▸ **Task instructions**:
Please output only the lines running from the one that contains "northside-marine-boating-mega-store" through the last line of the data below, exactly as they stand, with no pictures.

▸ **Dataset excerpt**:
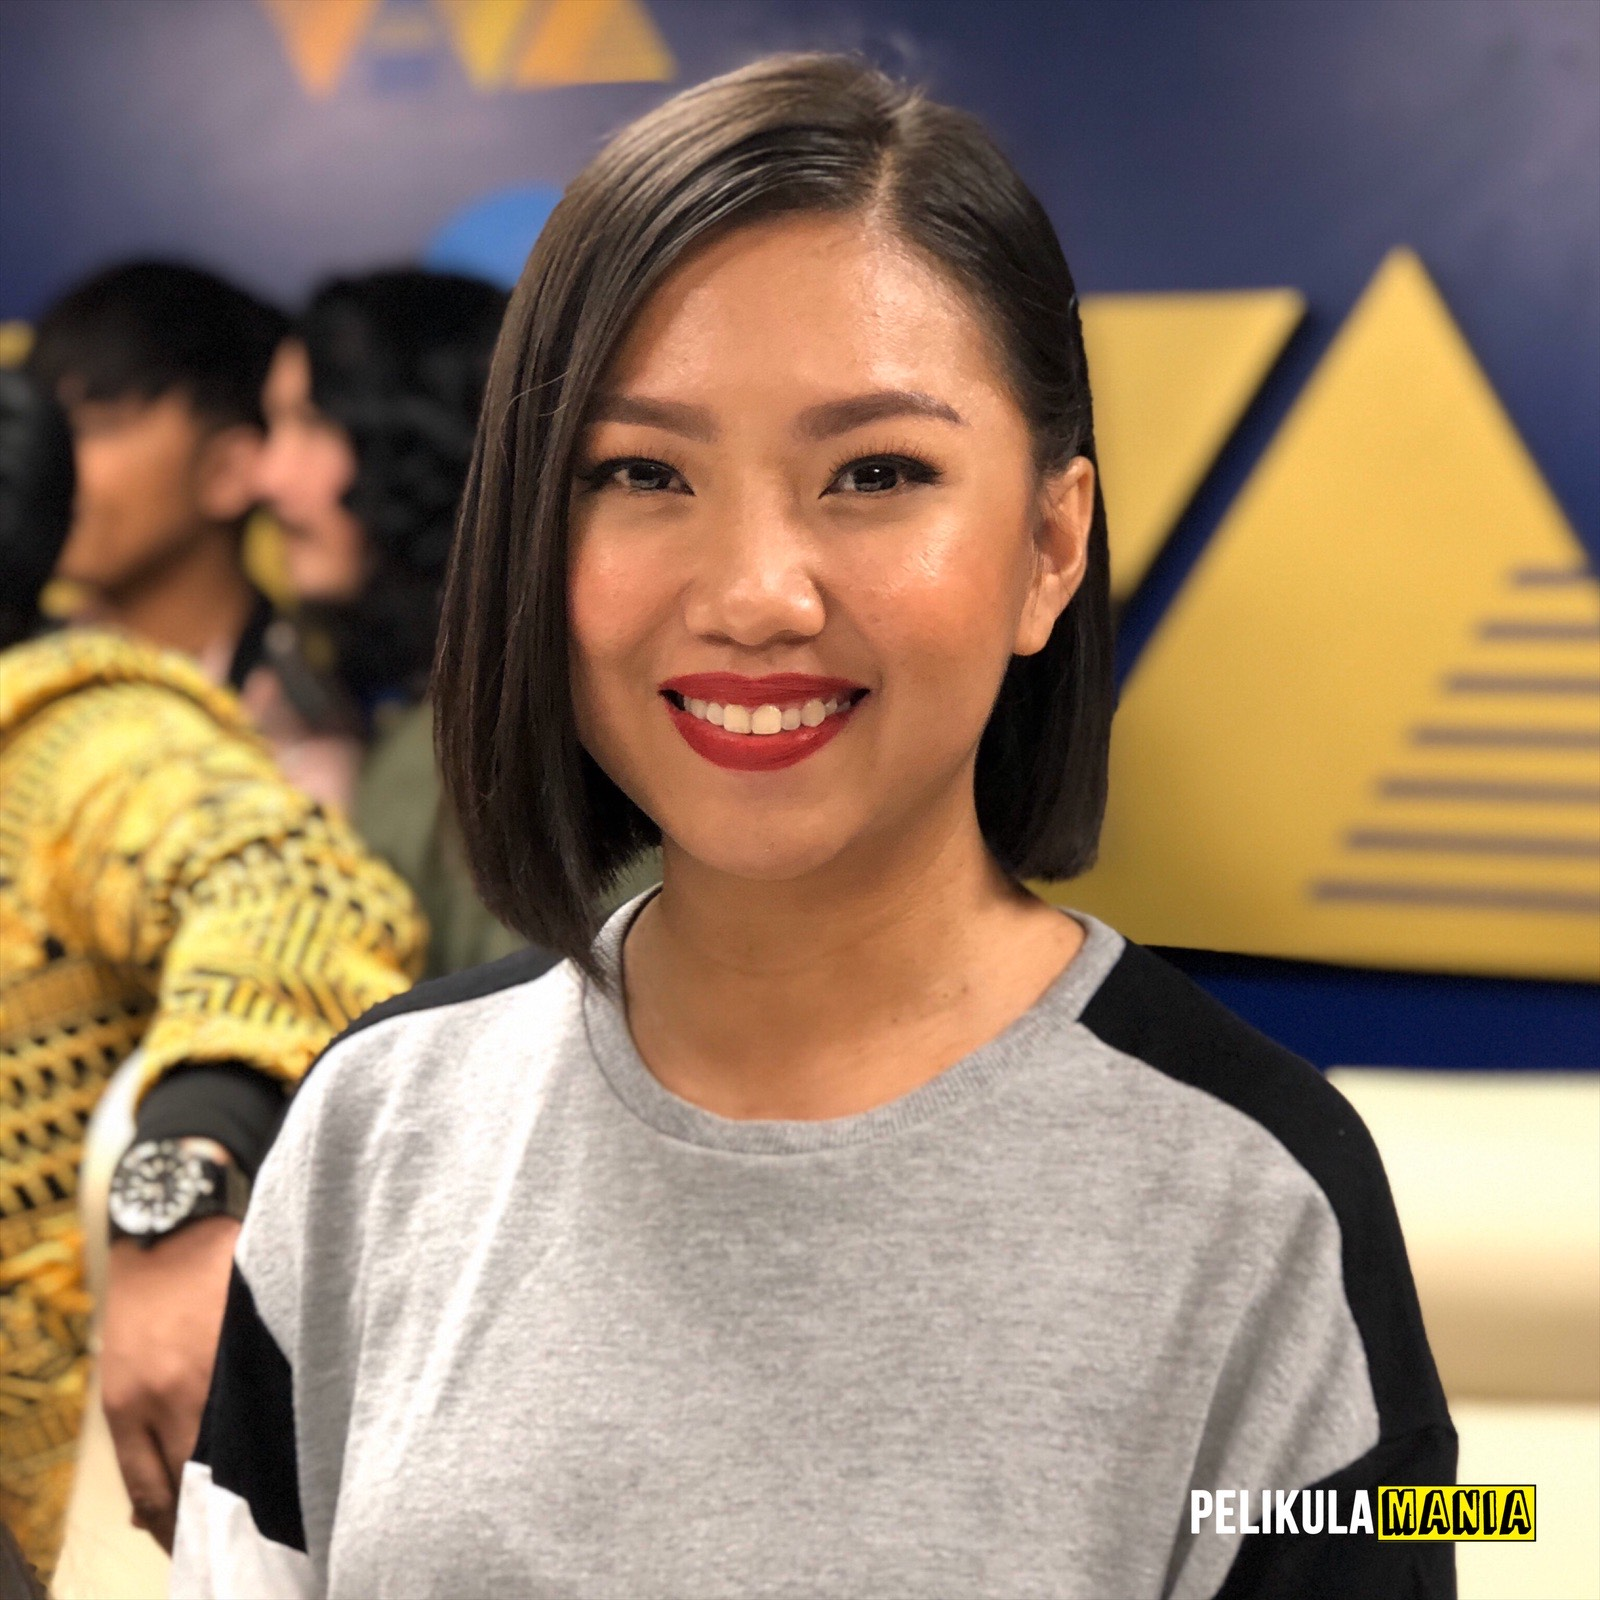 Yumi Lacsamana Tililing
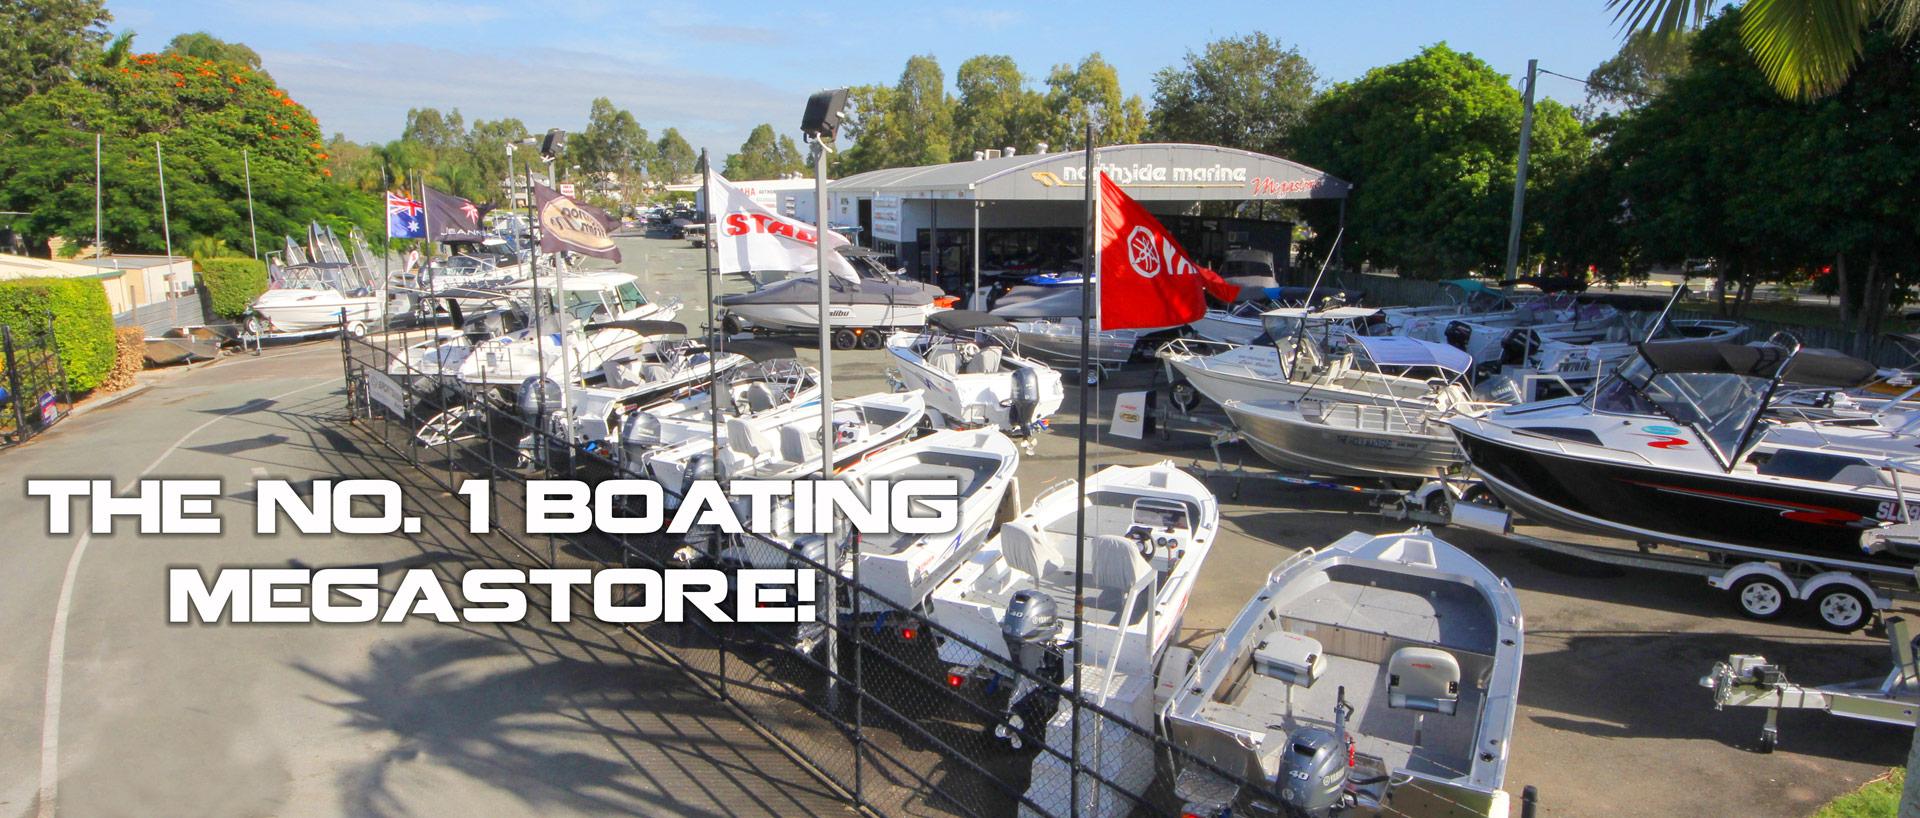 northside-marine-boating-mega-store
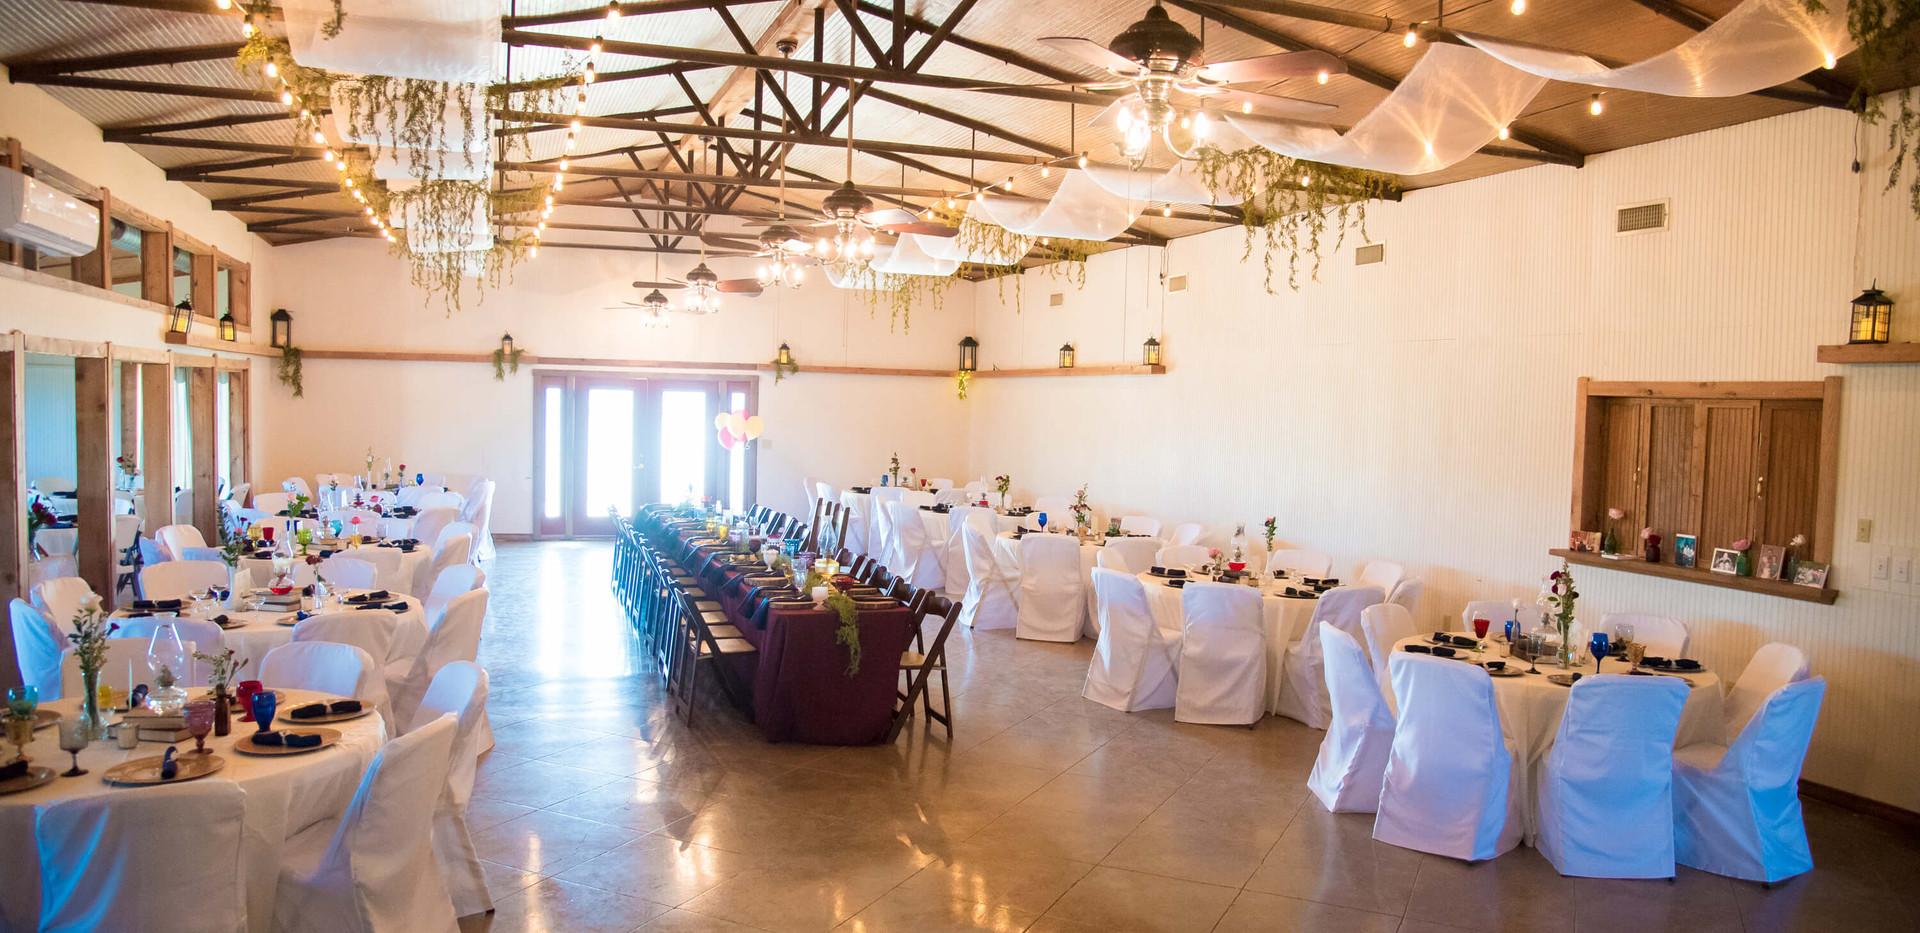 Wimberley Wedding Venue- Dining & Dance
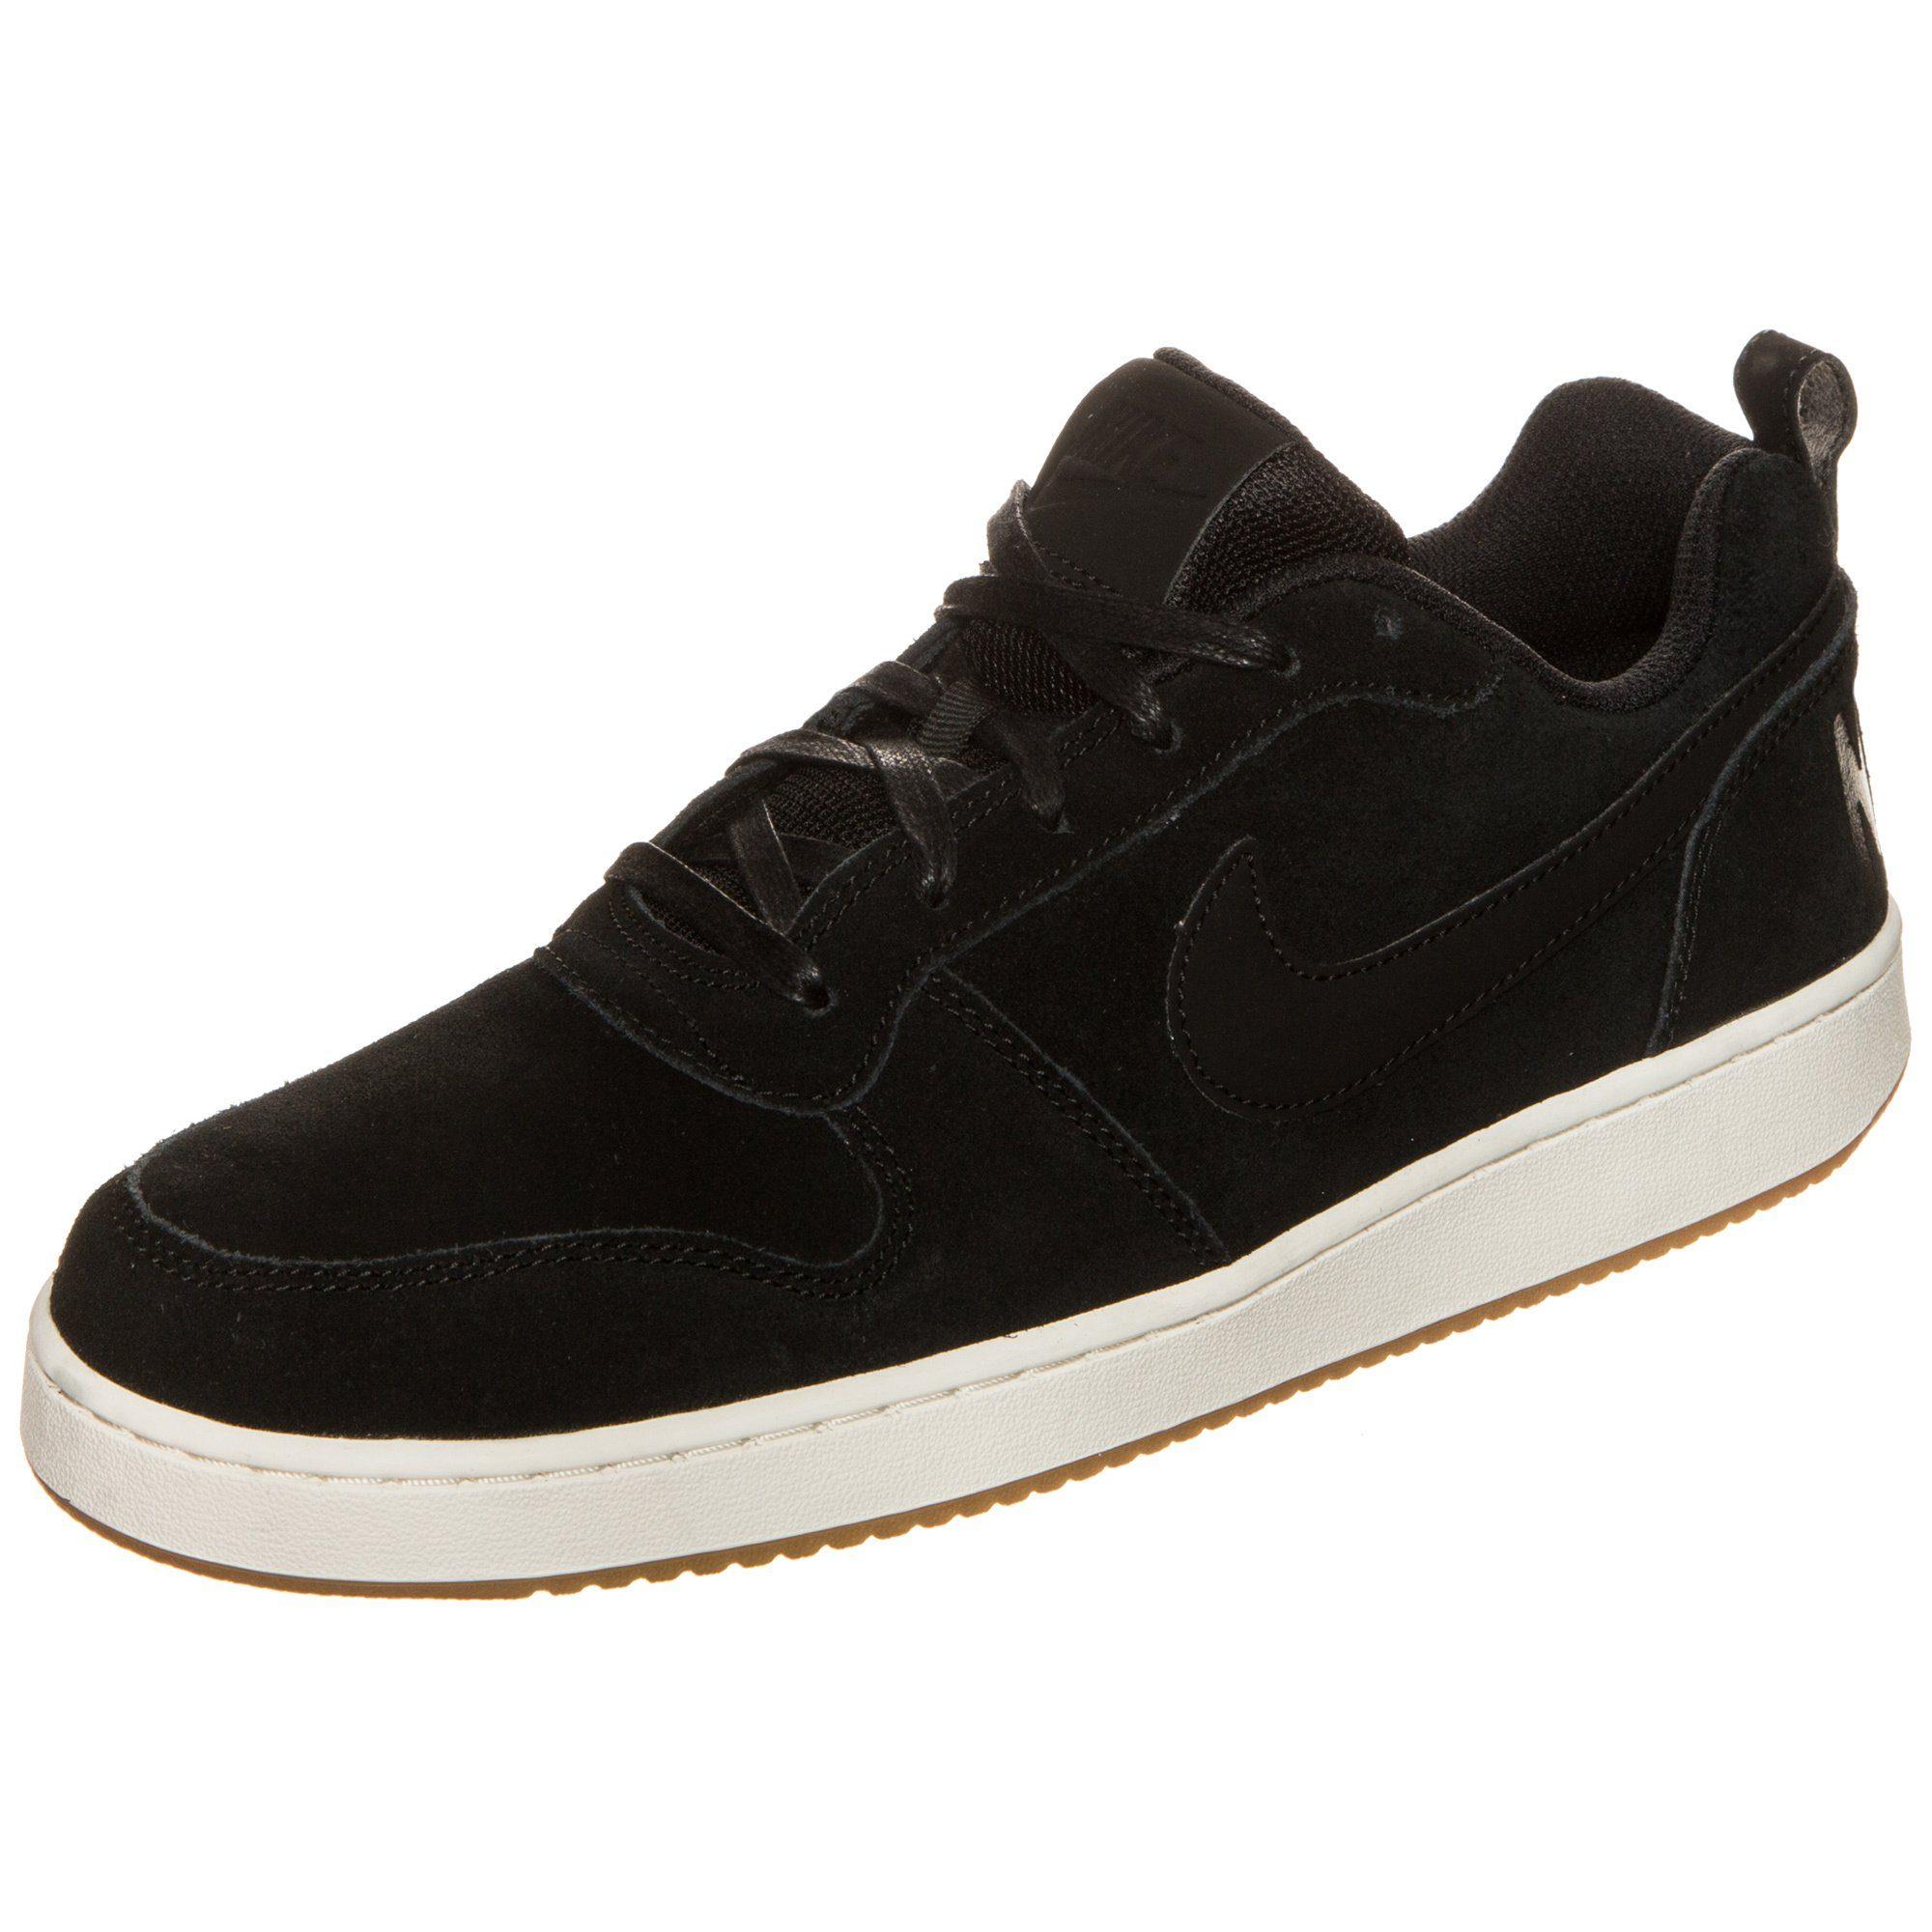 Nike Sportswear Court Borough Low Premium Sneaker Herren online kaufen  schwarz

▸ **Response box**:
 northside-marine-boating-mega-store
 Wimberley Wedding Venue- Dining & Dance
 Nike Sportswear Court Borough Low Premium Sneaker Herren online kaufen  schwarz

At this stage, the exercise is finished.